Now, we continue with The Happiness Plot

 

Story as the Creative Demonstration of Truth

14.

I’ve been talking about stories as “promoting” either “thick” or “thin” conceptions of justice or love or whatever. This is an assumption well worth challenging. Do stories tell us truths about life? Is there any relation between stories and philosophy?

C.S. Lewis, in An Experiment in Criticism, appears to say “no.” In speaking about the differences between tragedy, comedy, and farce he writes: “None of the three kinds [of drama] is making a statement about life in general. They are all constructions: things made out of the stuff of real life; additions to life rather than comments on it.”

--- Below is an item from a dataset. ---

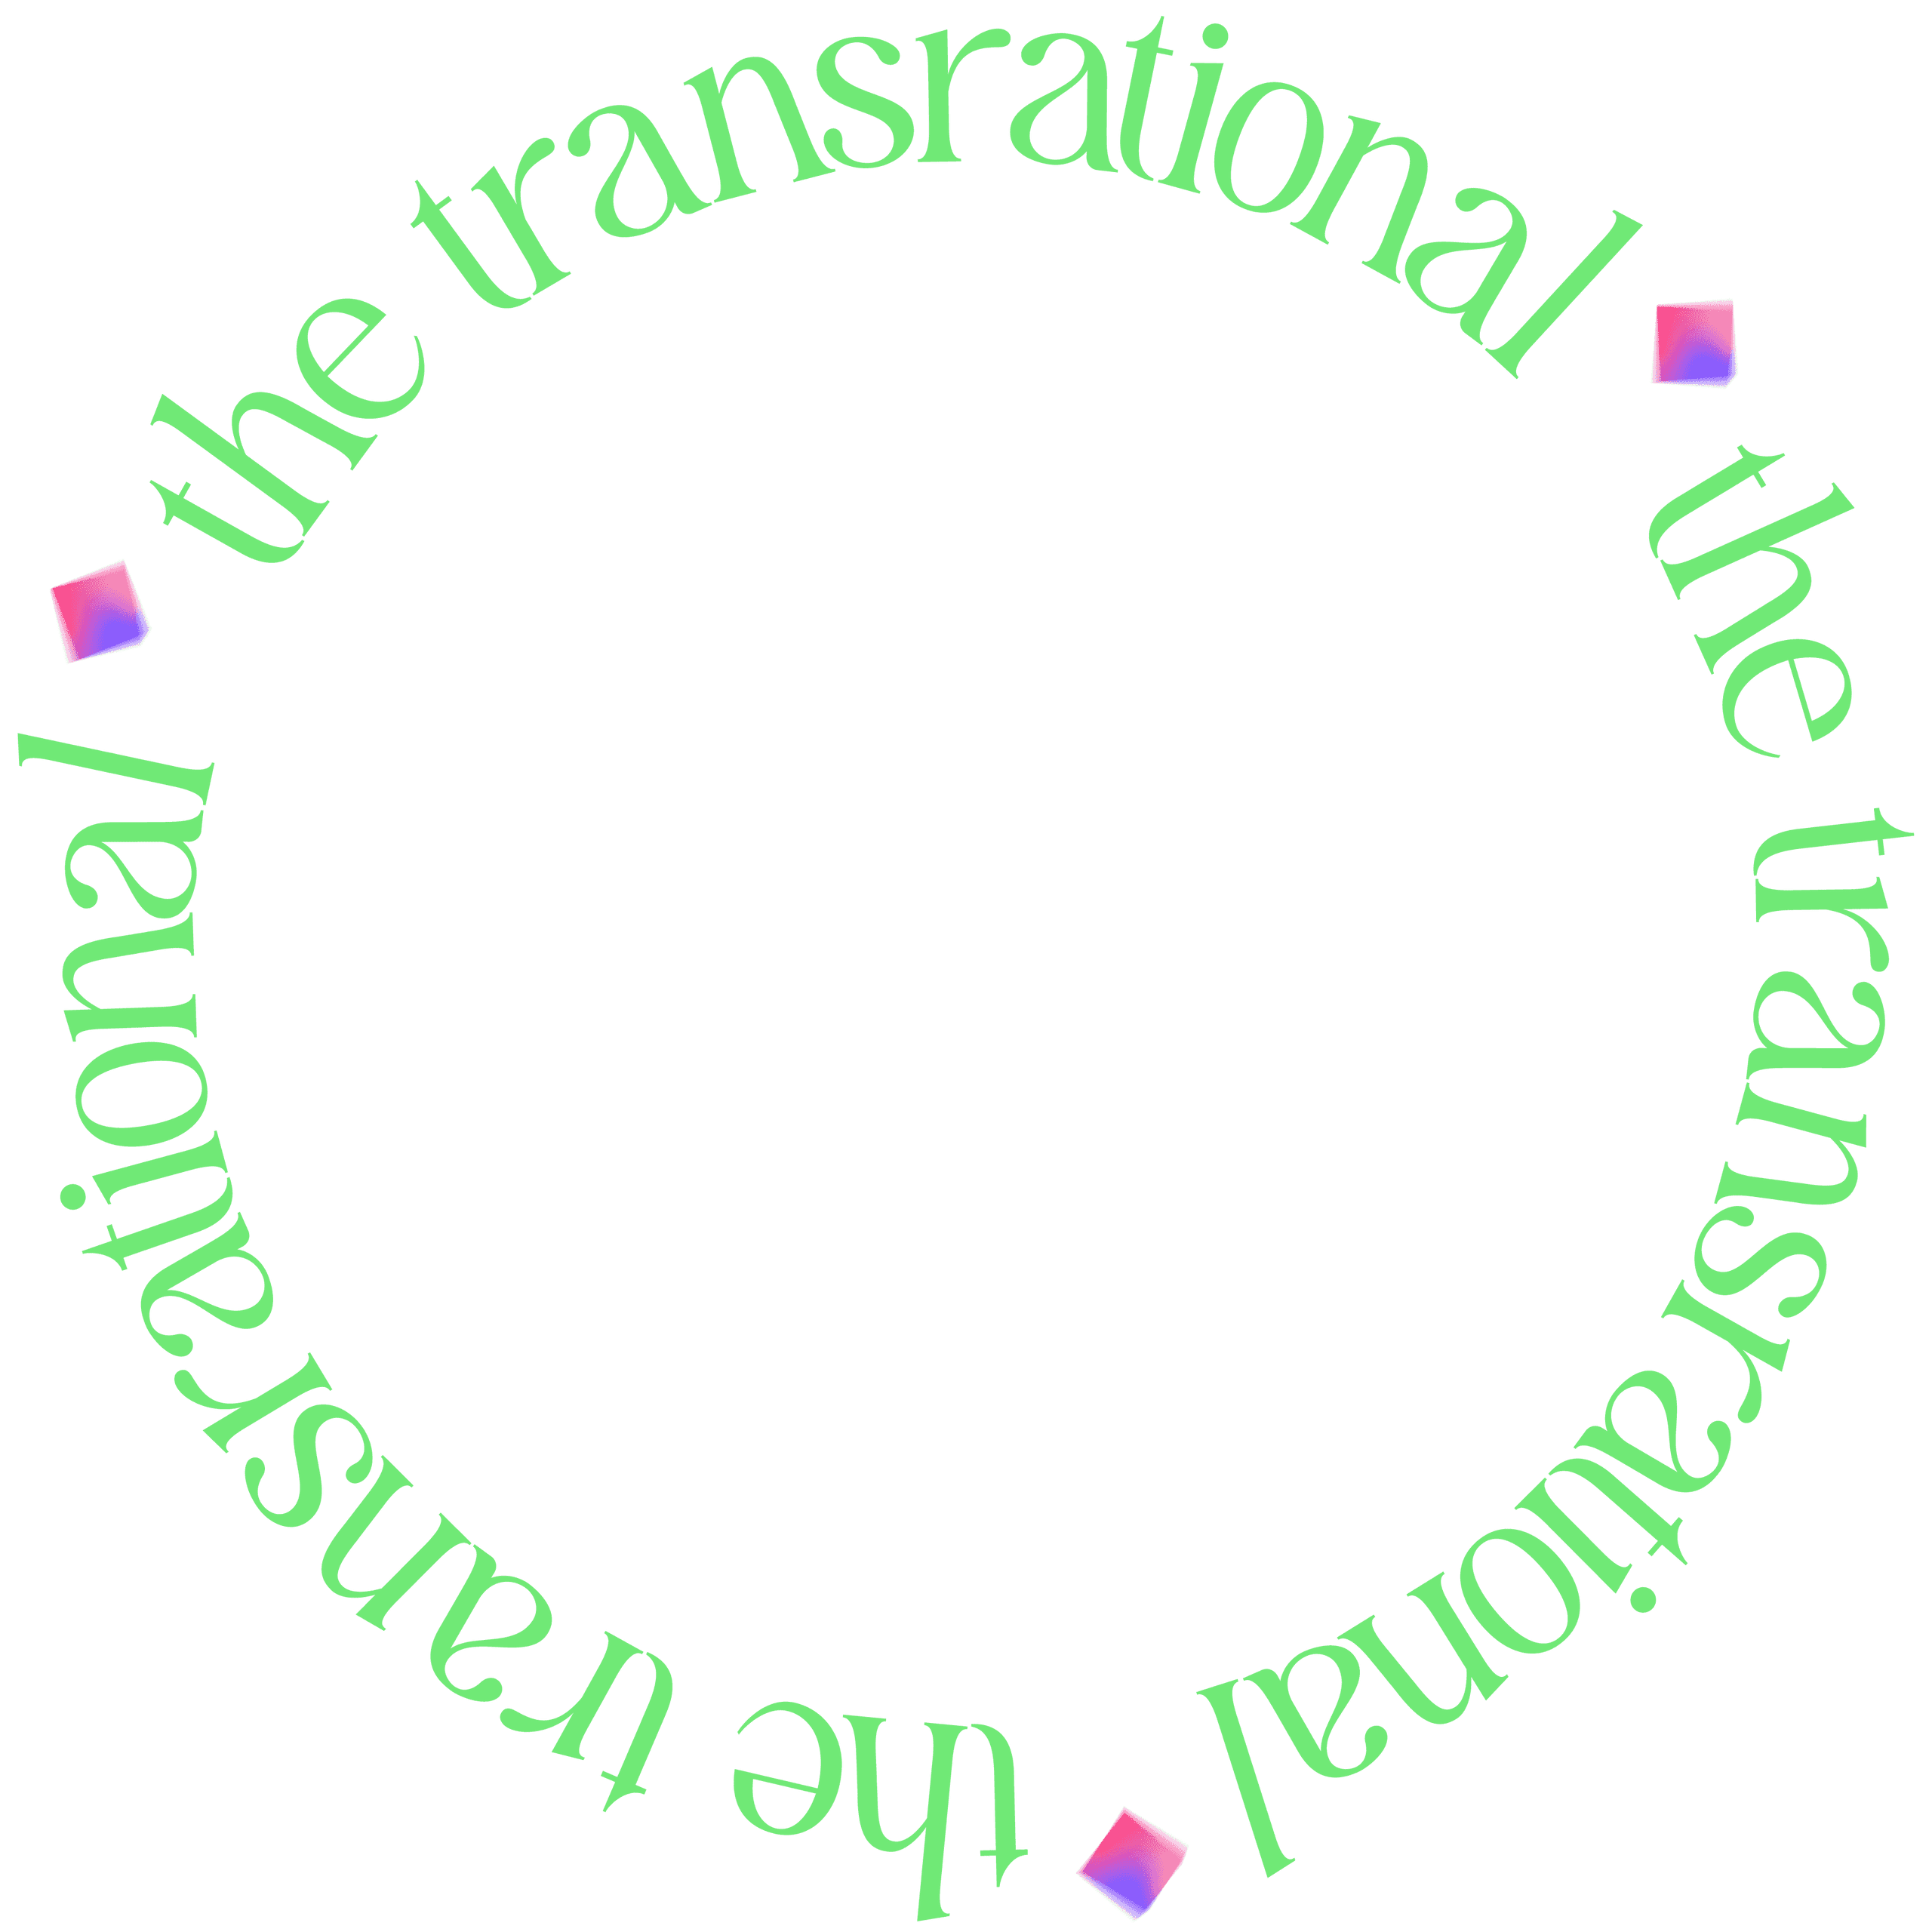 transrationaltransrationaltransrationaltransrationaltransrational

Lewis qualifies his point. Any story “will be impregnated with all the wisdom, knowledge, and experience the author has; and even more by something which I can only vaguely describe as the flavor or “feel” that actual life has for him.” However, to regard the story “as primarily a vehicle for that philosophy” is for Lewis an “outrage” to the thing the author has made for us.

What Lewis is keen on stressing here, rightly, is that stories, novels, plays–narrative art in general–should not be taken as mere vehicles for the dissemination of an author’s philosophy. A play, for example, is not just a delivery system for abstract comments about life—more diverting than reading Kant’s Critique of Pure Reason, to be sure, but essentially no different from Kant in being a philosophical proclamation. No story can simply be reduced to a statement of whatever wisdom the author may possess. “Don’t be indecisive” (I jest) is not a substitute for Hamlet.

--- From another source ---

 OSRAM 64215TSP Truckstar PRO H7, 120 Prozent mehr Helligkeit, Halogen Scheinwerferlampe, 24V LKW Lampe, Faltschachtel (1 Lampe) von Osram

A play, in other words, is not a philosophical statement plus some literary qualities that we may dispense with if we choose.

And yet, Lewis fails to do justice to the way in which stories do tell us truths. Robert McKee, in his wonderful book Story, formulates this idea quite nicely: “Storytelling is the creative demonstration of truth. A story is the living proof of an idea, the conversion of idea to action.”

A story is not a work of philosophy, but there is at least a perceived wisdom embodied in the decisions the author has his characters make. The “argument” of the story is its plot, which in its climax aspires to conclude something about the way life ought to be lived. But this truth, if it is one, will only be convincing to an audience who attends to the literary qualities of the piece.

* The image above is reproduced courtesy of James MacMillan at Wikimedia Commons under the following license.

So a story is not a mere vehicle for a philosophy, but a philosophy is embedded in every story like the seal of a signet ring is embedded in wax.